Six years ago, The Bentway turned a zone under Toronto’s Gardiner Expressway into a unique public space. Now, that zone is poised to grow: On Thursday, the organization announced details of a major expansion, a 125,000-square-foot zone called Bentway Islands located near Front Street and Spadina Avenue.

The lead designers are the landscape architects at Field Operations, the firm that led the design of New York’s world-renowned High Line, together with Toronto’s Brook McIlroy.

The new project, planned to open by 2030, reflects the ambition and the success of The Bentway so far. Designed by Ken Greenberg and PUBLIC WORK, this is a public space that uniquely integrates recreation, cultural programming and connections to nature, all under an expressway.

Field Operations has a long experience in creating landscapes in odd urban places. They led design of the High Line, a conversion of an elevated rail line in Manhattan that is the most influential public space of this century. It now draws eight million visitors a year.

Isabel Castilla, an associate partner at Field Operations, has worked on the High Line for a decade as well as The Underline, an under-expressway project in Miami. She is leading the Bentway Islands work, and says that site has unusual qualities.

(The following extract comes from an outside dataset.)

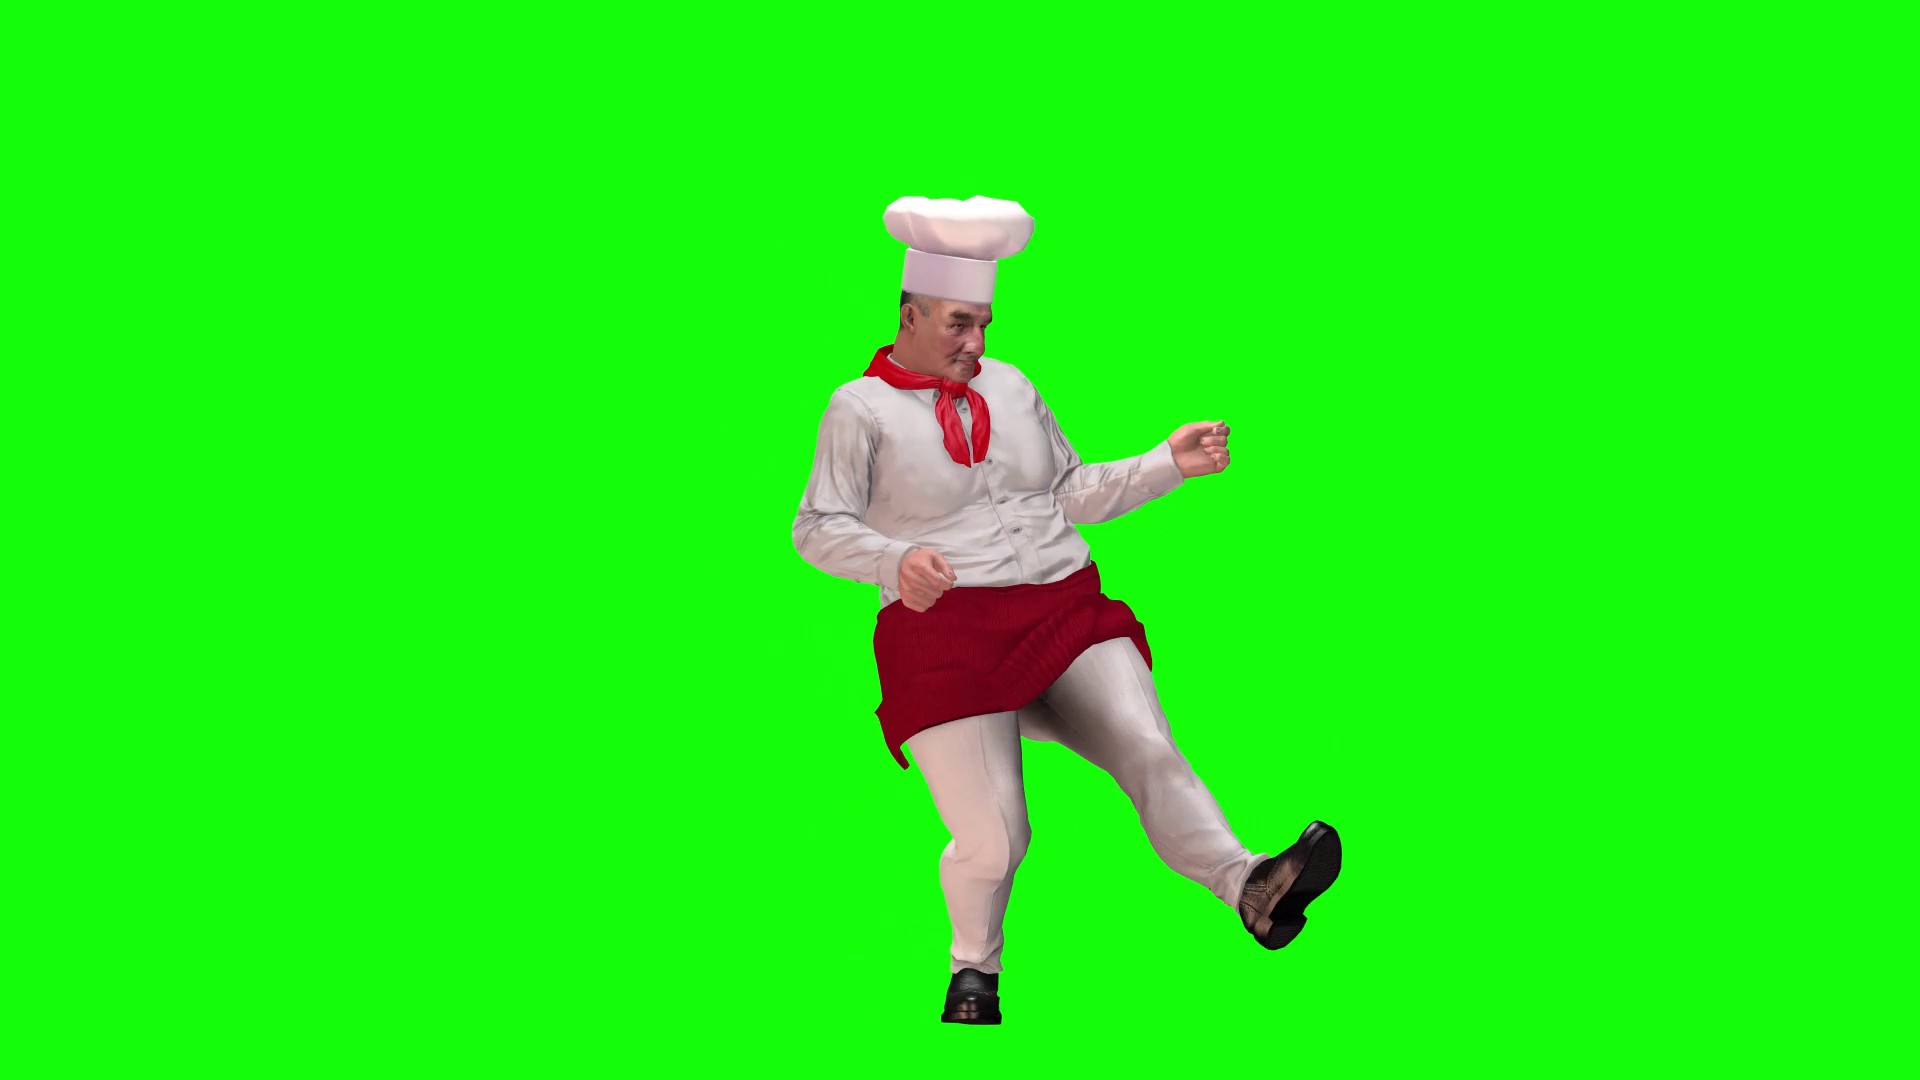 Fat Chef Uncle Dancing Fun in Green Chromakey

“It is very wide and very deep, which is unlike other spaces beneath elevated structures,” Ms. Castilla said. “Once you’re in it, it feels cathedral-like. It presents great opportunities for larger types of programs for the community because of its scale, and also for a lot of variety within the space.”

The site consists of three large traffic islands within Lake Shore Boulevard west of Spadina Avenue. The Bentway began exploring this zone with Staging Grounds, a temporary exhibition last fall that included walkways, art installations and planters fed by rainwater from the highway.

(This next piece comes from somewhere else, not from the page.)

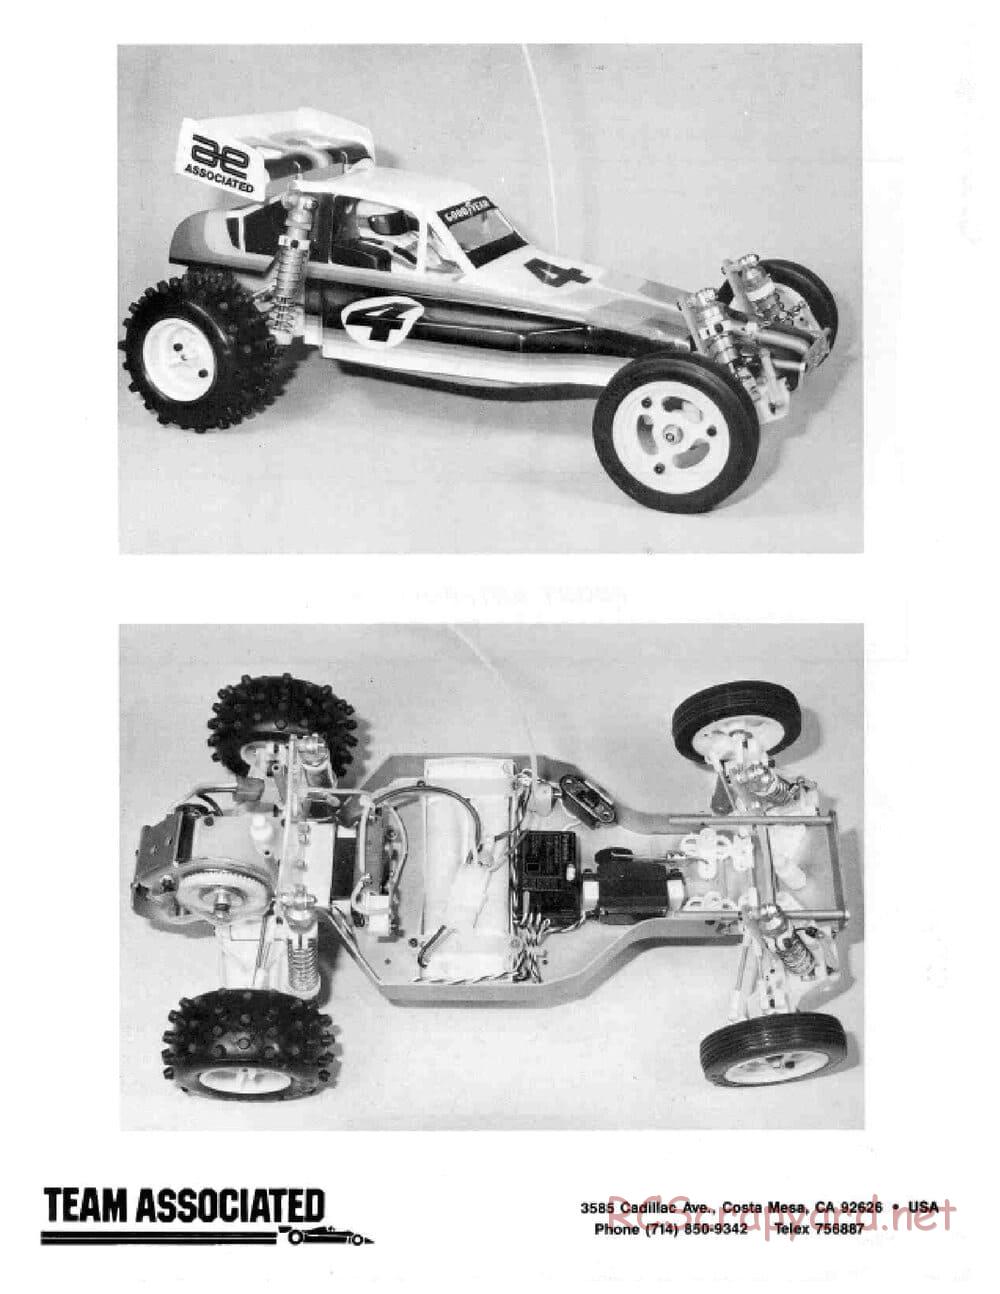 Team Associated - RC10 - 1986 Cadillac Manual - Page 68

The design process for the new Islands has just begun, and the project still needs to find most of its capital funding from governments and private donors. But Ilana Altman, co-chief executive officer of The Bentway organization, said the space will likely include recreational facilities, a dog off-leash area and strong pedestrian connections to the city around it – along with a low-carbon construction and features that help manage the water flow from the Gardiner.

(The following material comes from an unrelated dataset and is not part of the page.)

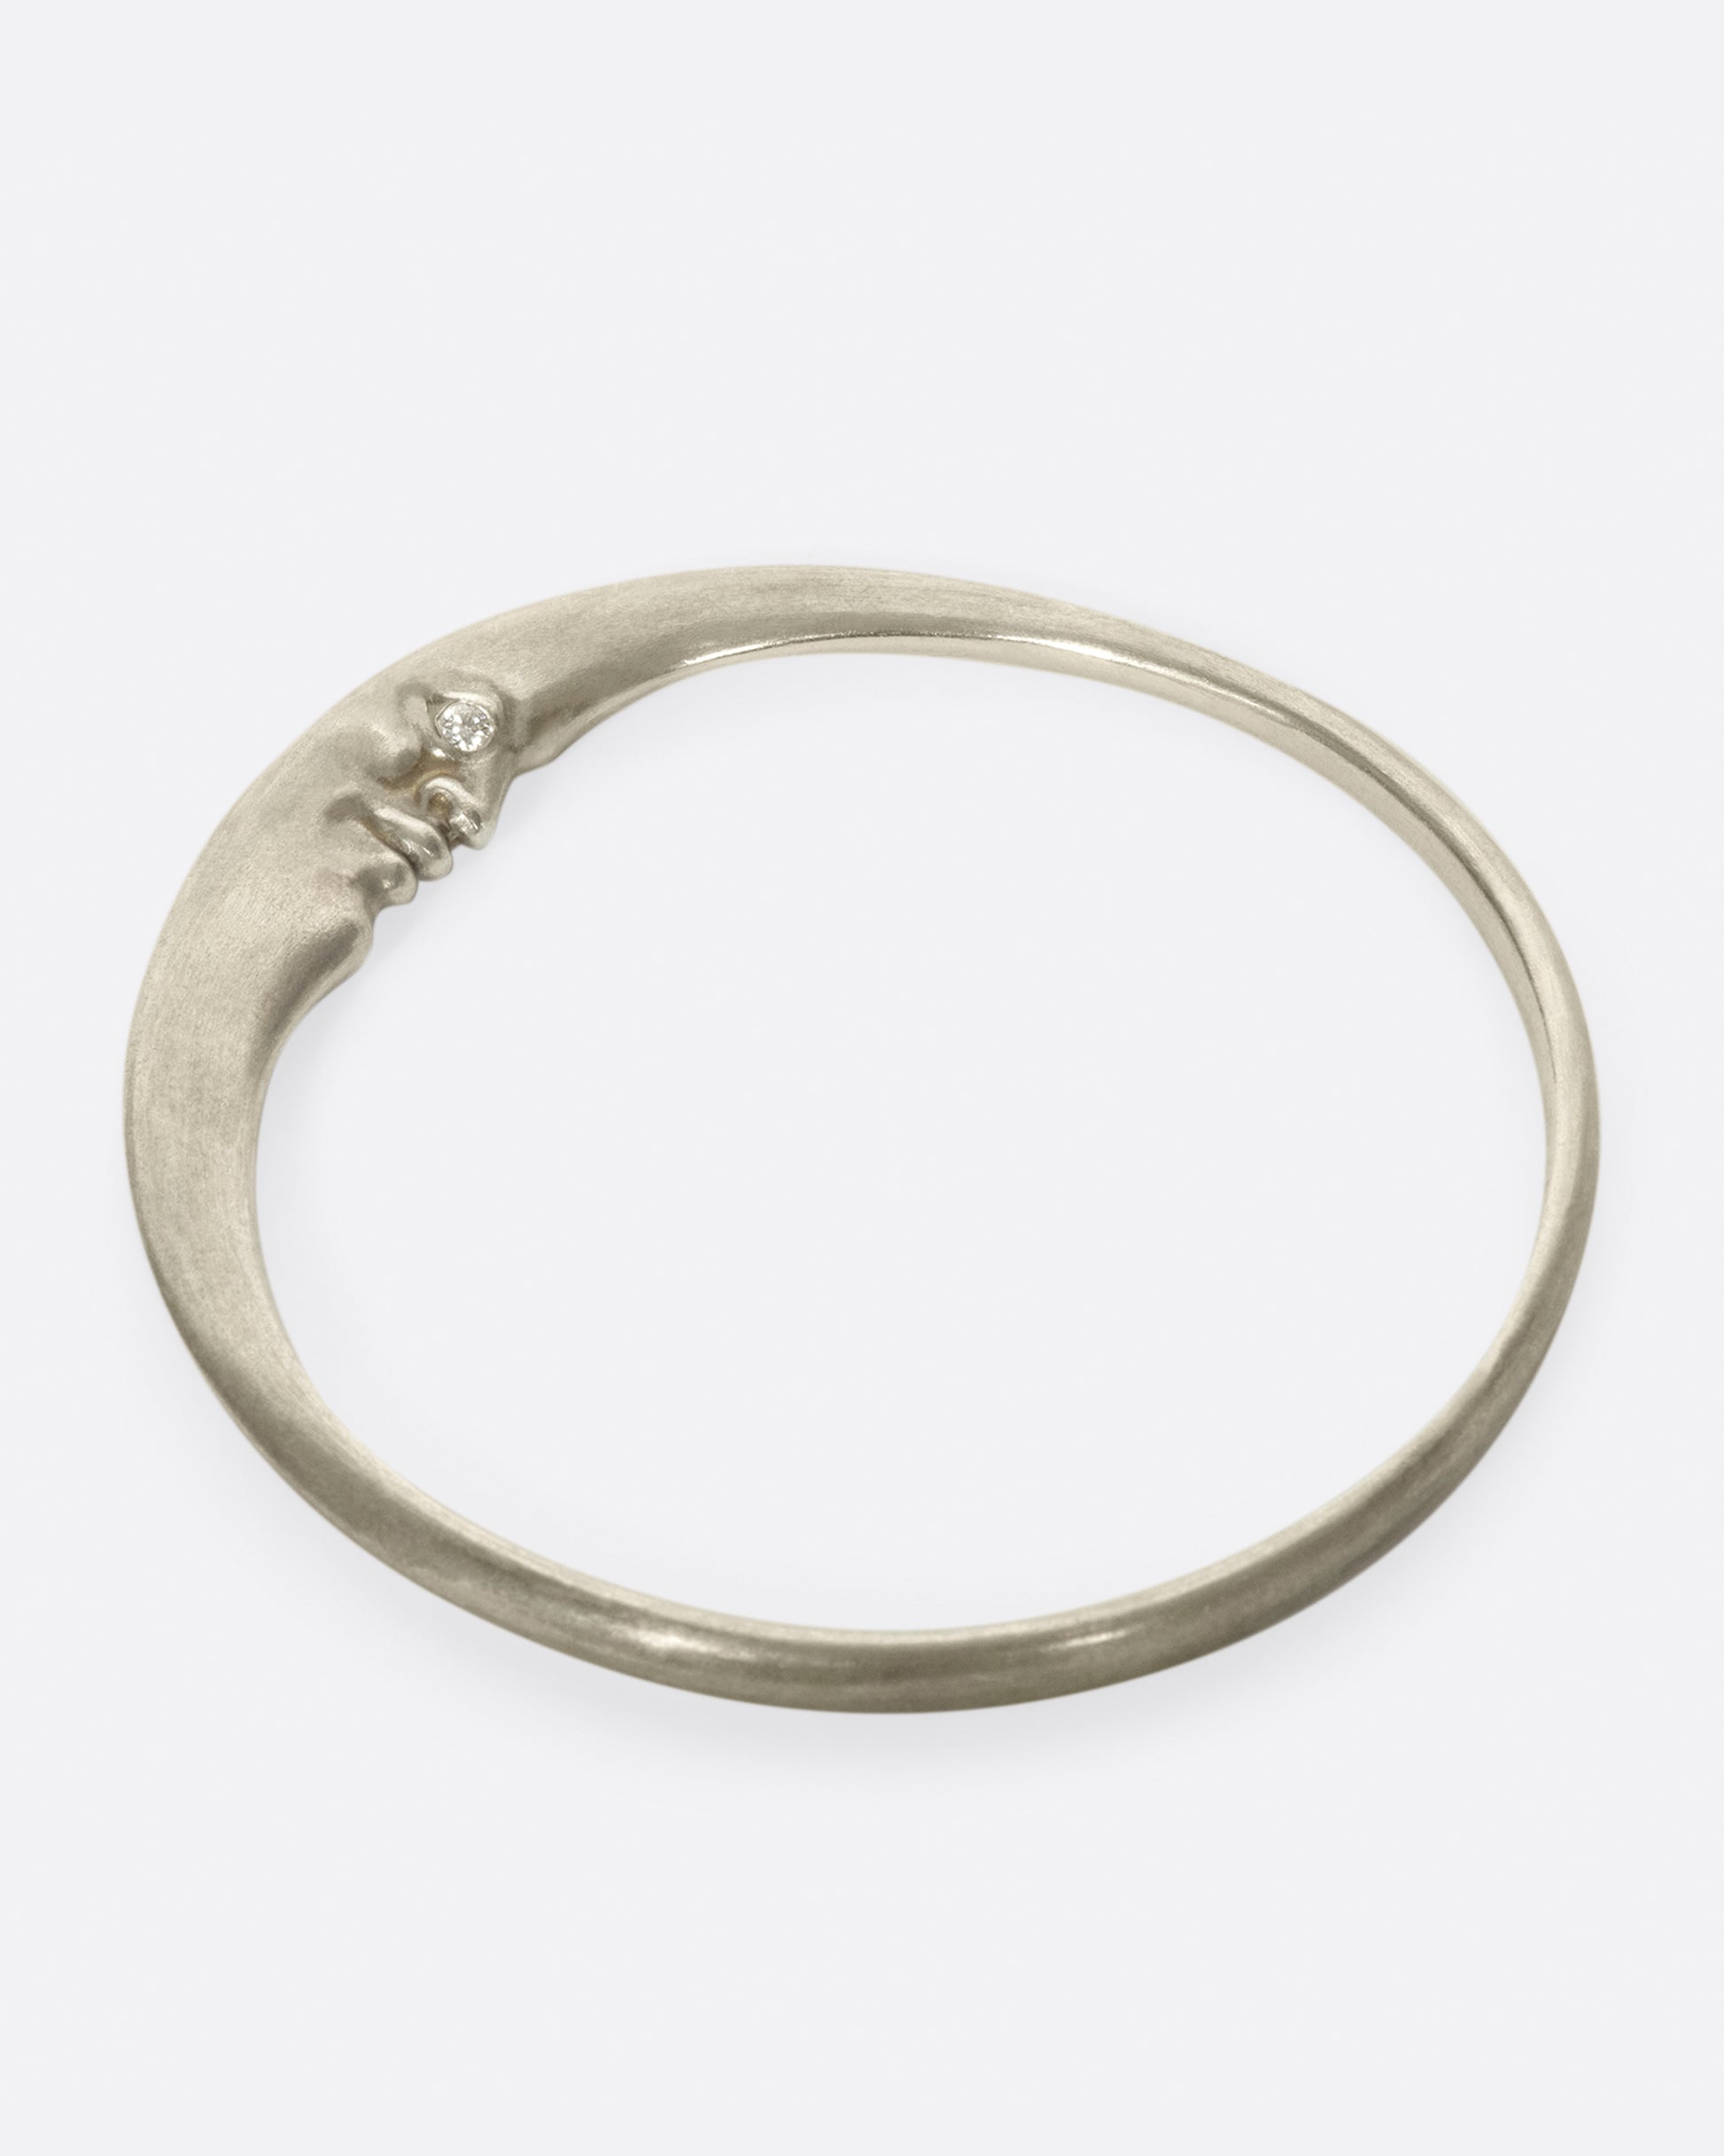 A seemingly simple bangle with a hidden crescent moonface and diamond eyes, only visible from the side.

In this, it will build on the success of The Bentway so far. The public space as it currently exists, just to the west of the Islands site, includes a skating trail, splash pads and a robust program of public art and performance.

“We are quite literally inventing a new type of space,” Ms. Altman said this week. “It has emerged from this very unusual situation in the city, created by the presence of the highway, and it has had to create its own rules.”

The organization has been able to pursue its own path with respect to design. PUBLIC WORK’s original design is deliberately spare: pine furniture, gold paint and subtle signage harmonize with the highway’s concrete columns. For Islands, The Bentway sought designers through a sophisticated process that emphasized design and experience, rather than (as is usually the case in Toronto) local experience and a cheap fee.

They scored world-class landscape architects. Anywhere else in Toronto, hiring Field Operations would be a huge victory. Yet there’s something bittersweet in it: locals for once created something unique and special, but they won’t get the freedom to continue the project.

Still, the ambition of the Bentway organization is admirable. Ms. Altman, an architect by training, has led a unique programming approach that spans high art and crowd-pleasing happenings.

And sometimes, both. On Sunday, 250 volunteers set up 8,000 jumbo dominoes in a row that wound in and around the Front and Spadina area, snaking through buildings, over benches, across streets and into The Bentway itself. Dominoes, by the performance company Station House Opera, stretched a 2.5-kilometre path through the city to create a whimsical collective event.

Thousands of people came out to watch; the crowd issued a roar of excitement as the dominoes crested a hill in the adjacent Canoe Landing Park and tumbled down toward The Bentway, moving toward the future of public space.